I'm not an astronomer, but my intuition is this: When the source of the light is moving towards the observer, each successive photon emission happens from a position closer to the observer than the previous photon. Hence, from the observer's perspective, the time between photons is reduced, meaning more photons are observed in a given time, and the brightness is increased. When we observe a galaxy that is rotating opposite to us, not only is the source of the light moving closer to us, but we are also moving closer to it.
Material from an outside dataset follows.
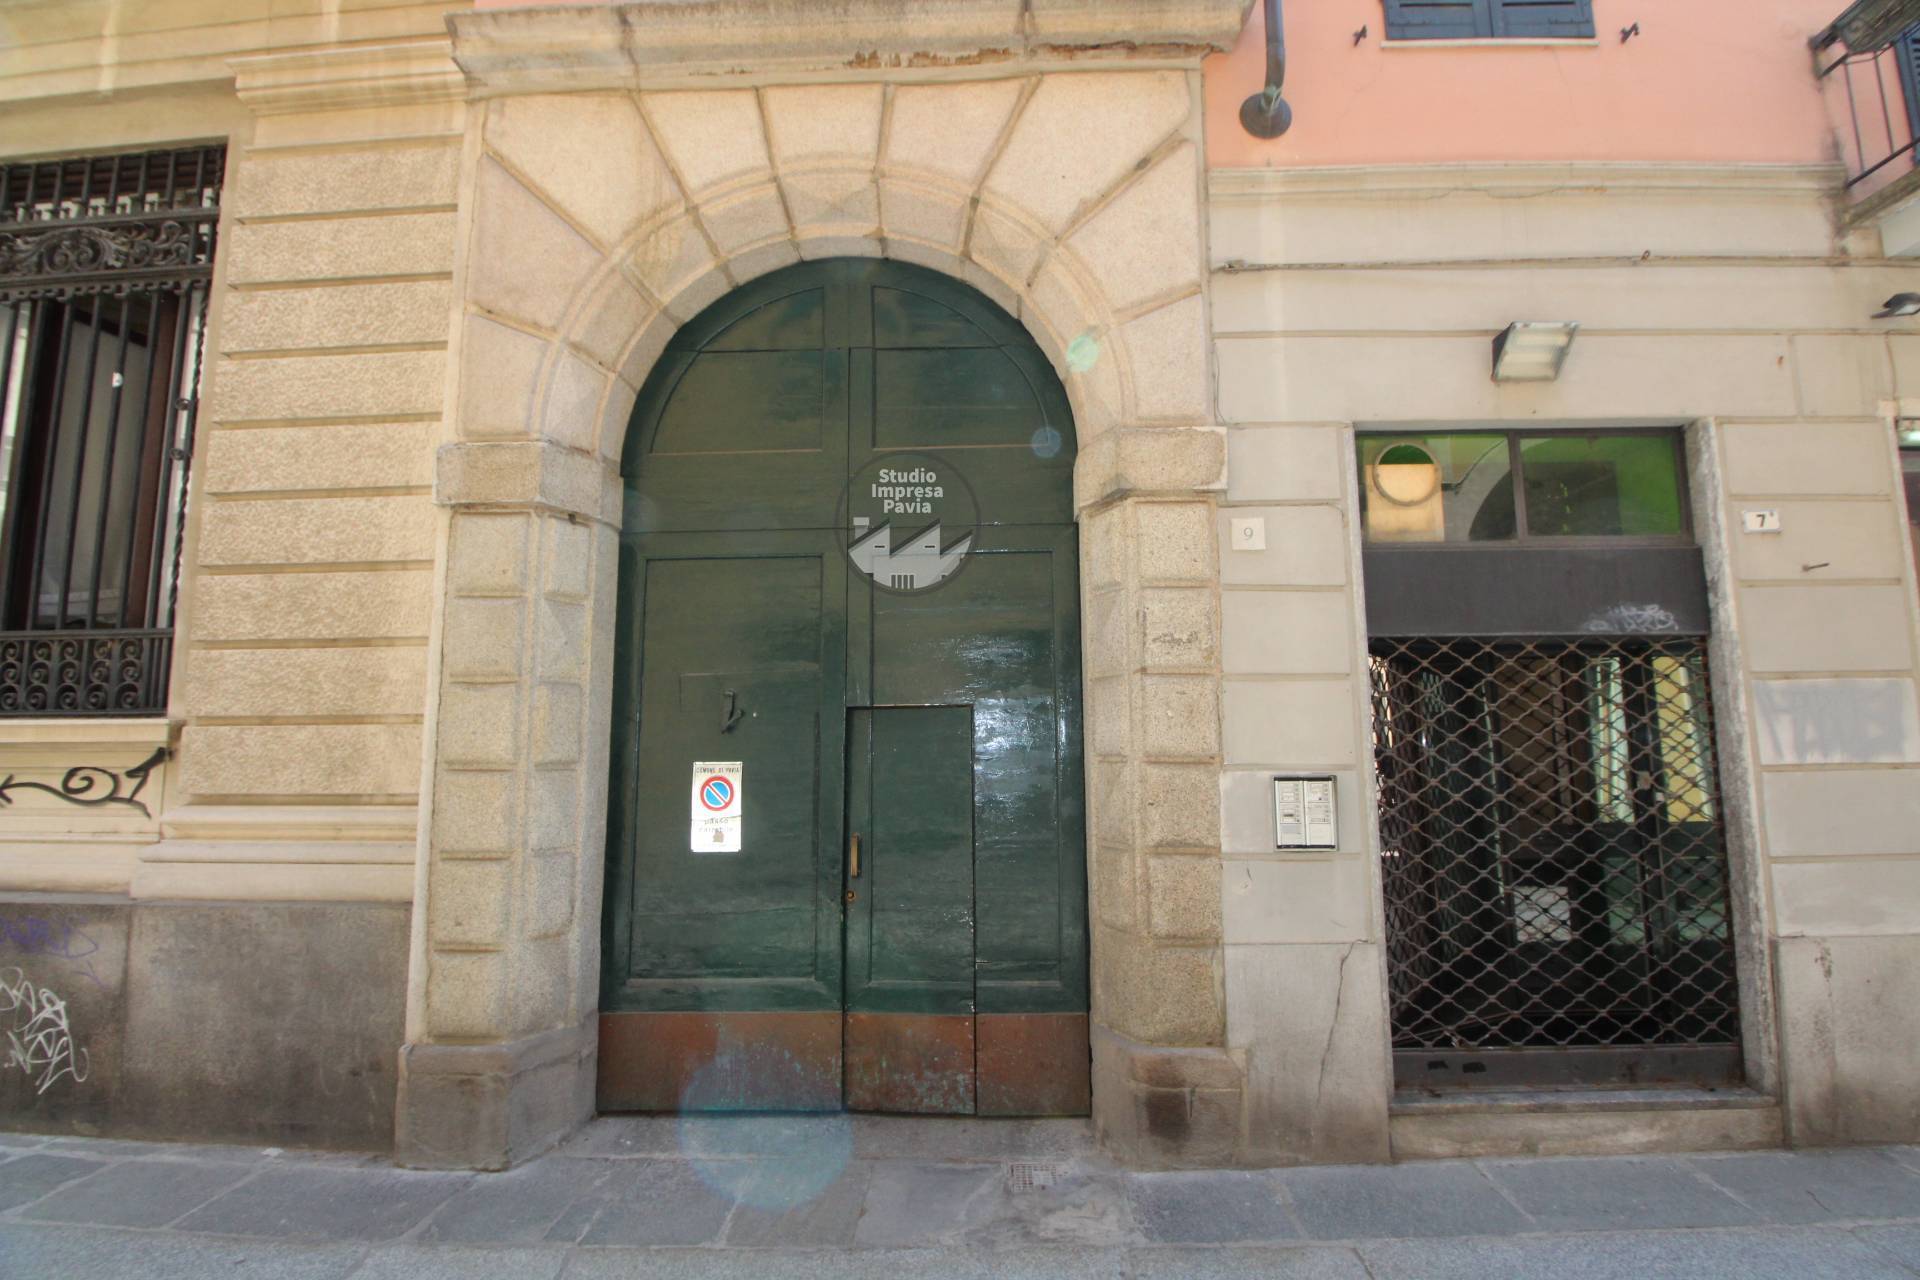 Ufficio / Studio in affitto a Pavia, 9999 locali, zona Località: CentroStorico, prezzo € 1.000 | PortaleAgenzieImmobiliari.it

From the perspective of us looking directly down on a parallel “plate” of a galaxy (with the other galaxy viewing us in the same way), relative differences in speed for the situation of same direction of rotation will be much smaller than for opposite directions.

But between any point in one galaxy to another, just as much matter will be moving closer as moving away. Regardless of same or opposite rotations.

But perhaps greater red shift and greater blue shift (as apposed to lesser of both) as a practical matter of telescopes vs. their cross spectrum sensitivities, means more light detected.


I would assume that they're talking about redshift.


Yes, but one half of a galaxy would get redshifted, and the other blueshifted, no matter which direction it spins in. So why would that change its overall brightness?

(Though one of the papers notes that the tiny change in brightness this causes isn't enough to explain the large difference in spin directions)


The close and far sides get shifted too, and those have different brightness.


No, 'like_any_other has it right: any physical system is 1-to-1 isomorphic with its mirror image, which is spinning the opposite direction.

Whatever asymmetry you're visualizing for one galaxy, its mirror-image galaxy is equally physical, and possesses the same asymmetry.